Mein Hauptbestreben war der Kampf gegen die Raub- und Vernichtungsfischerei von Jungfischen, die als minderwertige Ware den Fischmehlfabriken zugeführt wurden. Die kümmerlichen Preise sämtlicher Fischarten nach der Auflösung der Zwangsablieferungen und Aufhebung der Festpreise für alle Fischanlandungen durch die Einführung einer freien Marktwirtschaft brachten zwar zunächst große Vorteile für die Fischindustrie, führten aber die Fischerei wieder in den alten Zustand zurück. Die Fischer mussten sich mit dem zufrieden geben, was ihnen auf den Fischauktionen geboten wurde, was sie wieder in die Unrentabilität führte.

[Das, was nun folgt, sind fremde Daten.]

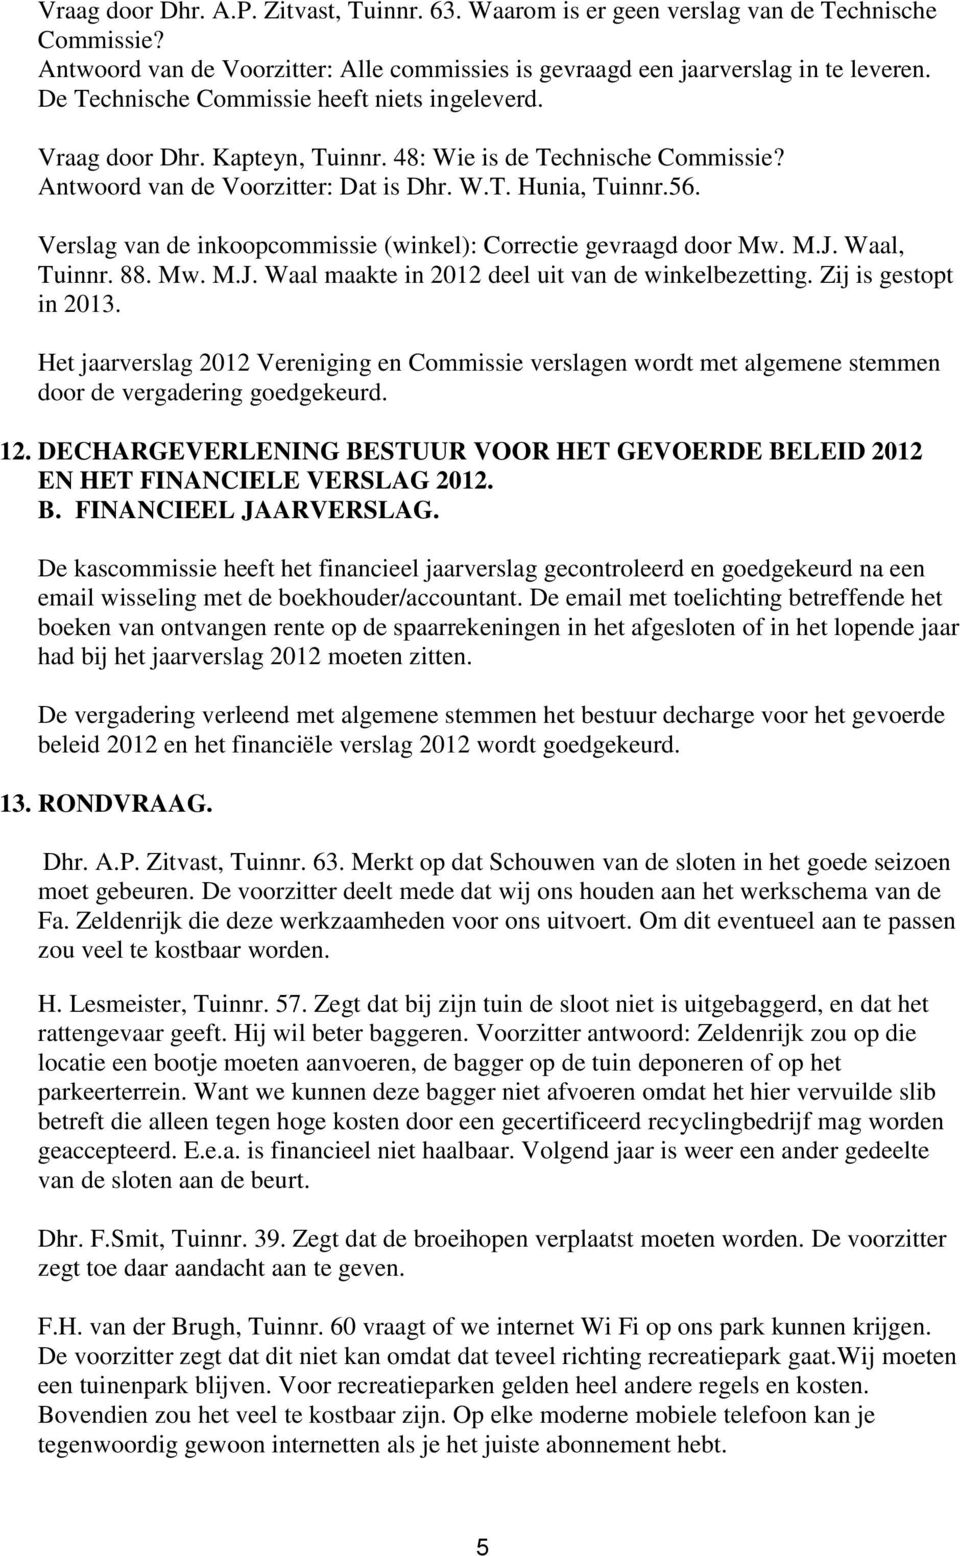 Verslag van de inkoopcommissie (winkel): Correctie gevraagd door Mw. M.J. Waal, Tuinnr. 88. Mw. M.J. Waal maakte in 2012 deel uit van de winkelbezetting. Zij is gestopt in 2013.

Wie sich gleich in den ersten Tagen nach der Aufhebung der Festpreise herausstellte, wurden größere Fänge unverkäuflich und wanderten somit in die Fischmehlfabriken. Für die verkäufliche Ware wurde oft nicht einmal der halbe Festpreis erzielt, was sich auch in den folgenden Tagen nicht änderte. Es traten immer mehr Probleme auf, und die einzelnen Fischereivereine brachten ihre Sorgen und Nöte bei den Sitzungen des Verbands vor. Es wurden Beschlüsse gefasst, um diese Probleme den höheren Gremien der Fischerei vorzulegen. Obwohl die Festpreise abgeschafft wurden, wurde dafür plädiert, für bestimmte Fischarten Mindestpreise einzuführen, um die Existenz der gesamten Fischerei zu sichern.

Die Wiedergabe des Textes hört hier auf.